--- Data shown ---

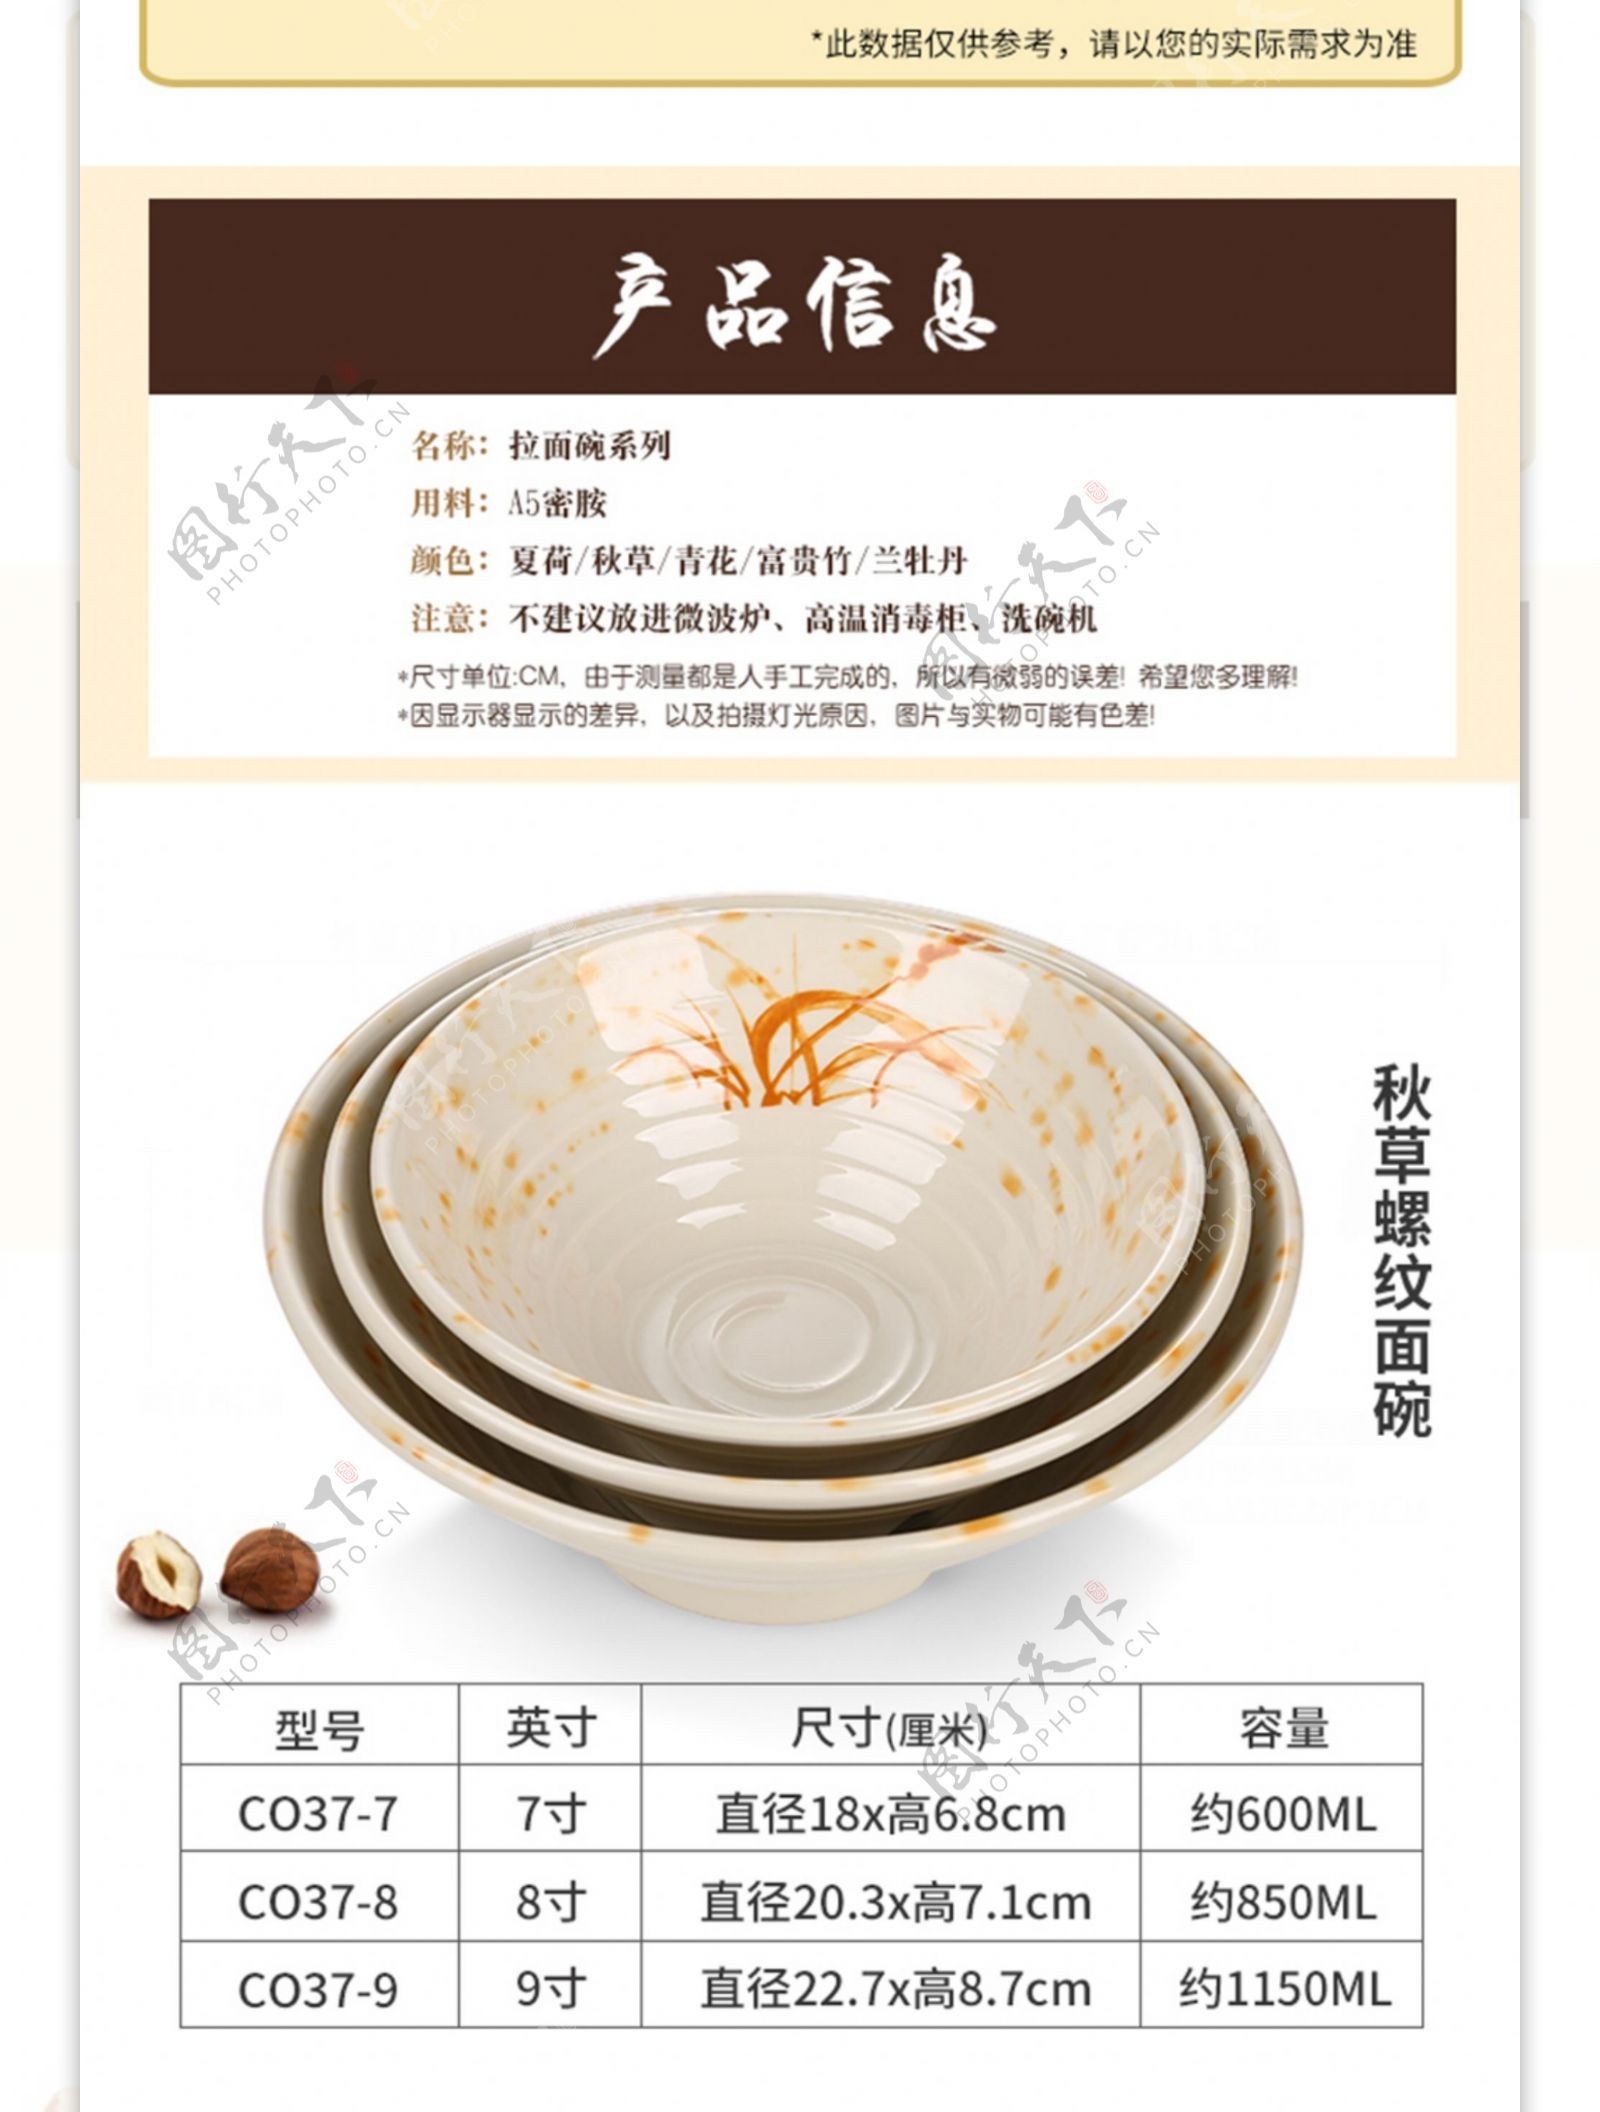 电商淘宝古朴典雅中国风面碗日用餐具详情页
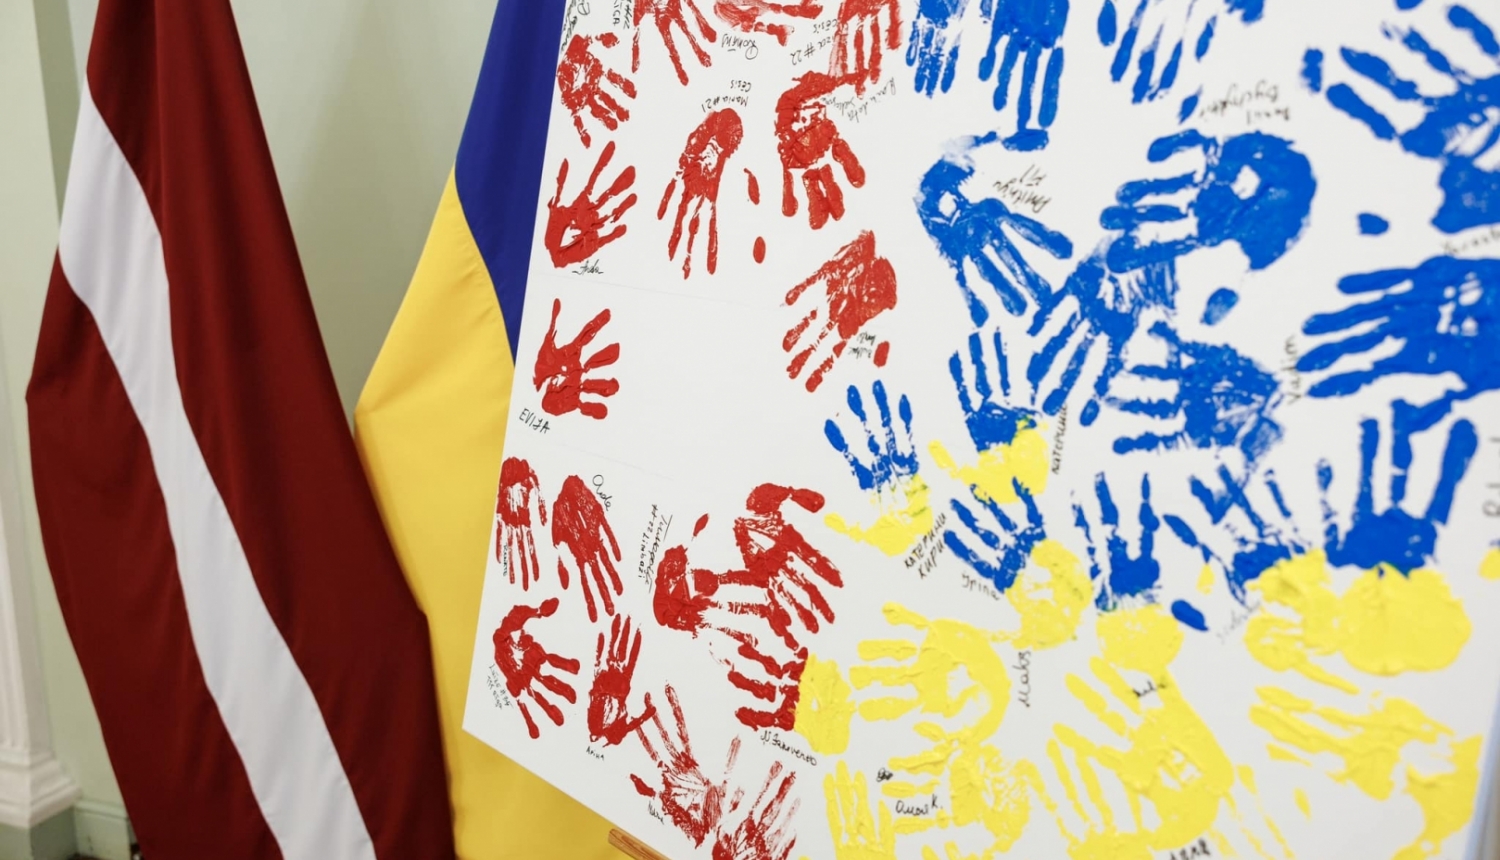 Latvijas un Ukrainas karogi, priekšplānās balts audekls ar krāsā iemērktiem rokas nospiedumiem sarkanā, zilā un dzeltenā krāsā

---
--- Data shown ---

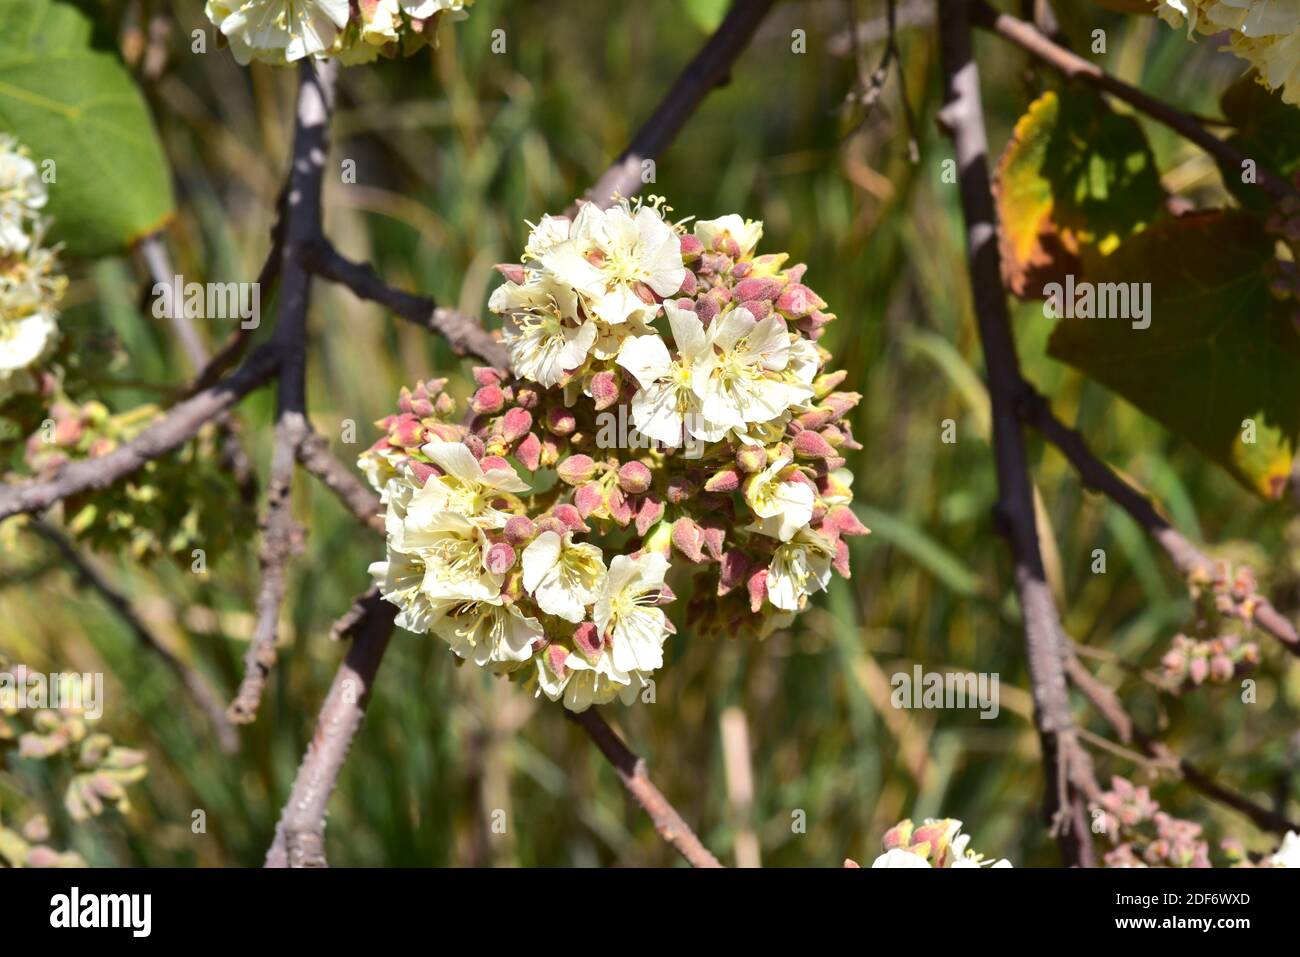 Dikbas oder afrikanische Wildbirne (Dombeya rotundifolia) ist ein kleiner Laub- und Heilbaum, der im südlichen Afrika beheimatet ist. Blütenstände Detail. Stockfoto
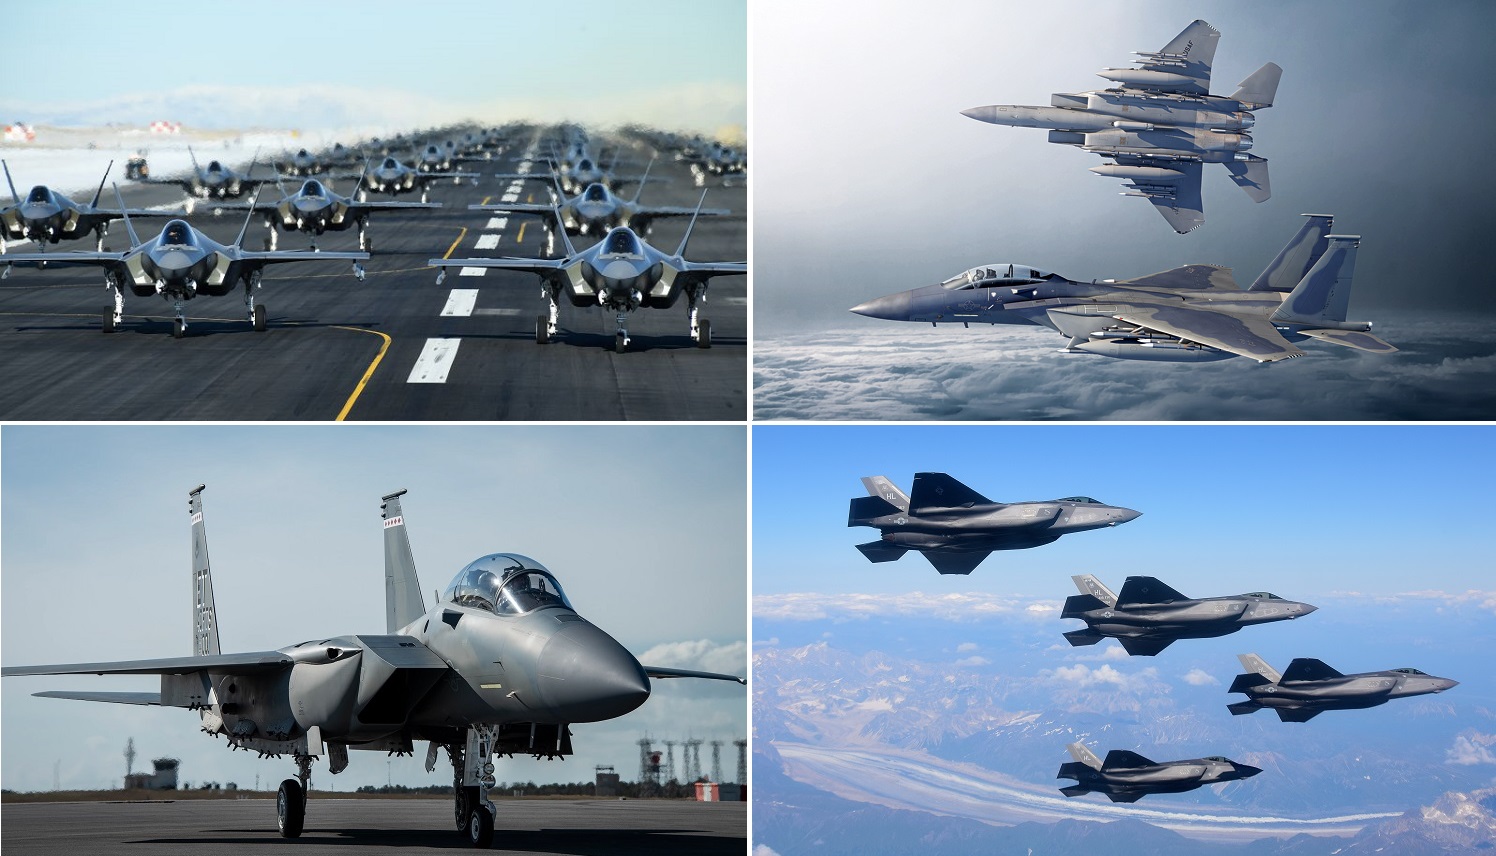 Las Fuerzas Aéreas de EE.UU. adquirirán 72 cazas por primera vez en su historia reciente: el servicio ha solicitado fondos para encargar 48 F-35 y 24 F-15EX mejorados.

---
--- Data shown ---

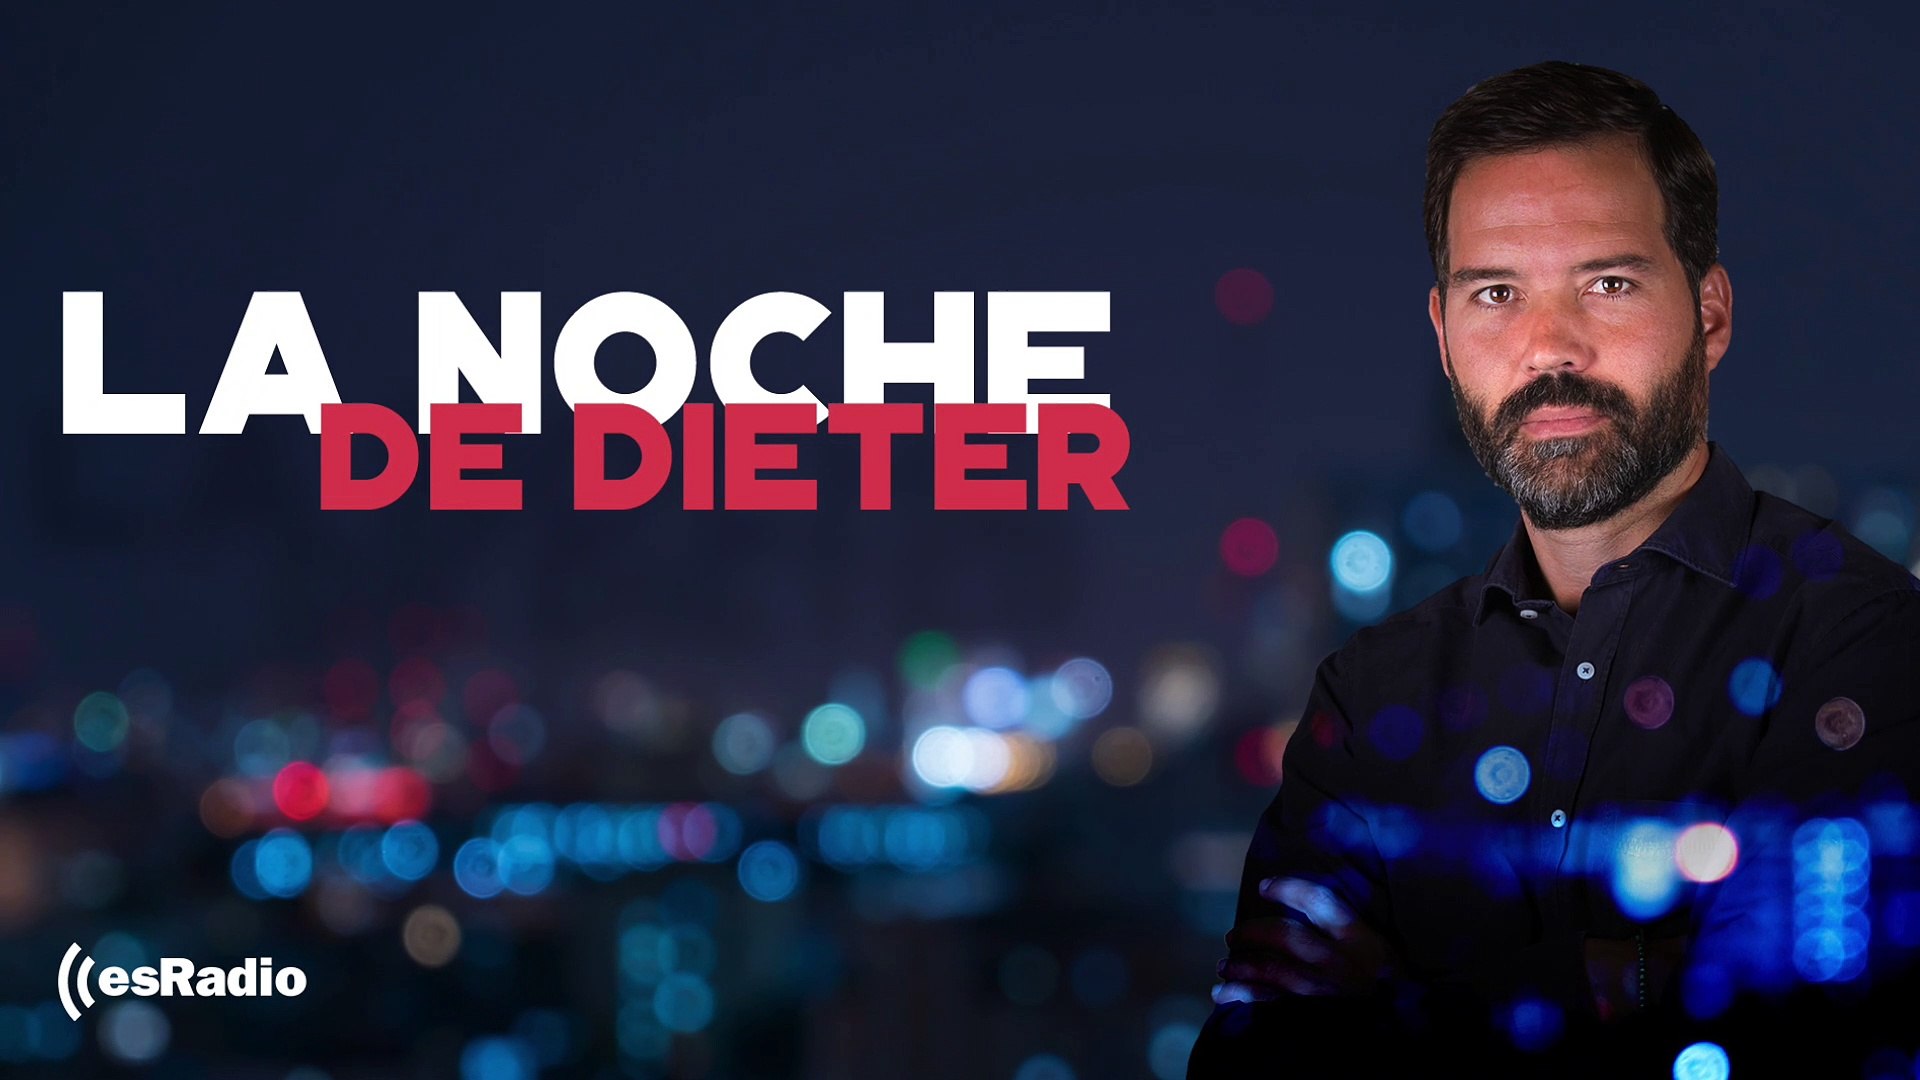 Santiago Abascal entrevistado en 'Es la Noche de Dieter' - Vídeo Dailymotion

---

Requirement:
In the data above, take the line with "电商淘宝古朴典雅中国风面碗日用餐具详情页", the line with "Latvijas un Ukrainas", and every line between, and set them down exactly without pictures.

Exercise answer:
 电商淘宝古朴典雅中国风面碗日用餐具详情页
 Latvijas un Ukrainas karogi, priekšplānās balts audekls ar krāsā iemērktiem rokas nospiedumiem sarkanā, zilā un dzeltenā krāsā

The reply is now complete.